# Dobrý mejdan!



## elusive

Товарищи, подскажите что это за слово такое - mejdan? В словарях не вижу, ни в одном...


----------



## bibax

mejdan (divoký/bujný večírek) = _сленг._ дикая/бу́йная вечеринка;


----------



## elusive

bibax said:


> mejdan (divoký/bujný večírek) = _сленг._ дикая/бу́йная вечеринка;



Отлично! спасибо большое!
А кстати есть он-лайн словари со сленгом? Или вы это слово из жизни знаете?


----------



## bibax

Я знаю это слово уже с детства, из фильма "В джазе только девушки" ("Někdo to rád horké").

 - IS THIS A PRIVATE *CLAMBAKE*?
 - YES, IT'S PRIVATE. GO AWAY.
 ...
 - HEY, HONEY, WHAT'S UP?
 - PARTY IN UPPER 7!
- HEY, THERE'S A *PARTY* IN UPPER 7. = *Na sedmičce je mejdan.* 

_Clambake_ (an informal party or gathering, especially a noisy and lively one) также значит _mejdan_. И как в России?


----------



## Enquiring Mind

elusive said:


> (...) А кстати есть он-лайн словари со сленгом? (...)

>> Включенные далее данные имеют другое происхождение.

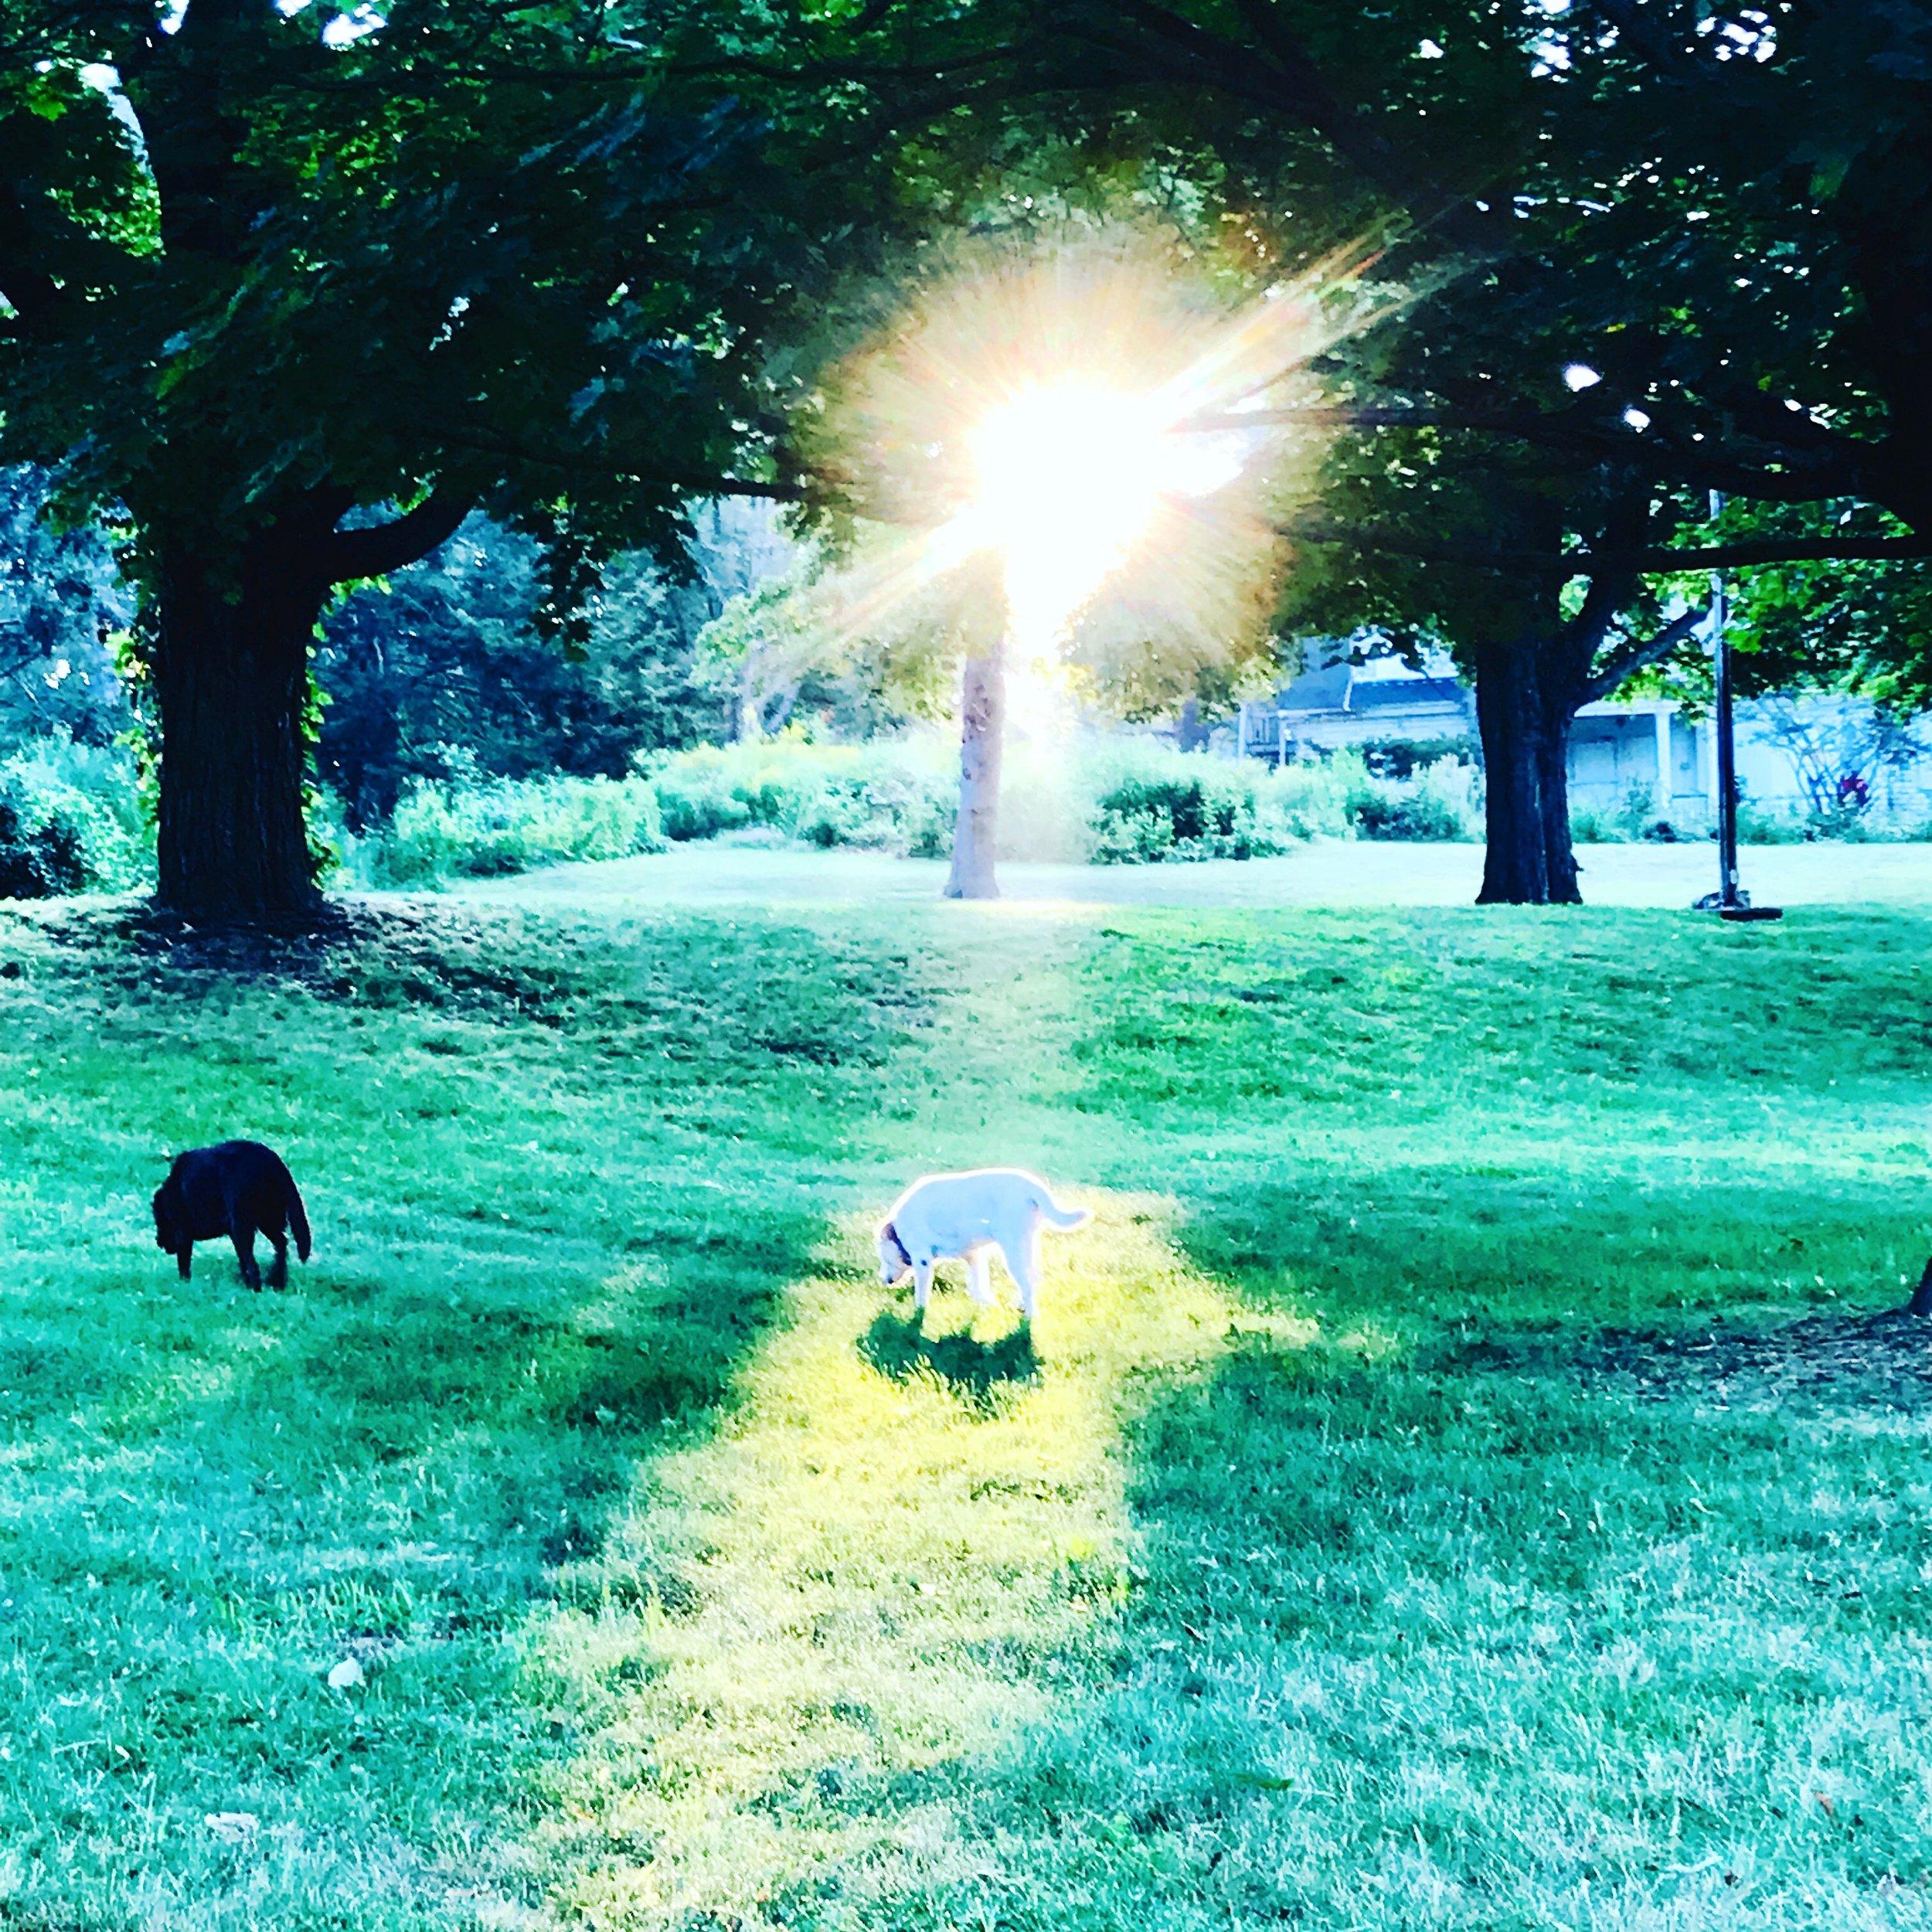 Suzi in the guiding light

Загляните сюда - нормальный чешско-русский словарь (source: classes.ru)
_mejdan: вечеринка, пирушка, гулянка_

Ещё приходит на ум слово "тусовка" _разг.  1) Встреча развлекательного характера.  2) Неофициальная встреча. _(source: poiskslov.com)


----------



## elusive

Enquiring Mind said:


> Загляните сюда - нормальный чешско-русский словарь



Супер словарь! Наконец-то нашла перевод слова "furt", которое в речи слышала постоянно. Жаль только что там перевод однозначный, одной фразой, без вариаций. Но и еще парочку таинственных слов там было. Спасибо вам!



bibax said:


> Я знаю это слово уже с детства, из фильма "В джазе только девушки"



bibax, а можете посоветовать где поискать фильмы на чешском с субтитрами? (чешскими желательно)
Я из чешских "торрентов" знаю только uloz.to, но там не все есть. Например, не нашла там фильм "Nicostratos" ("Пеликан").


----------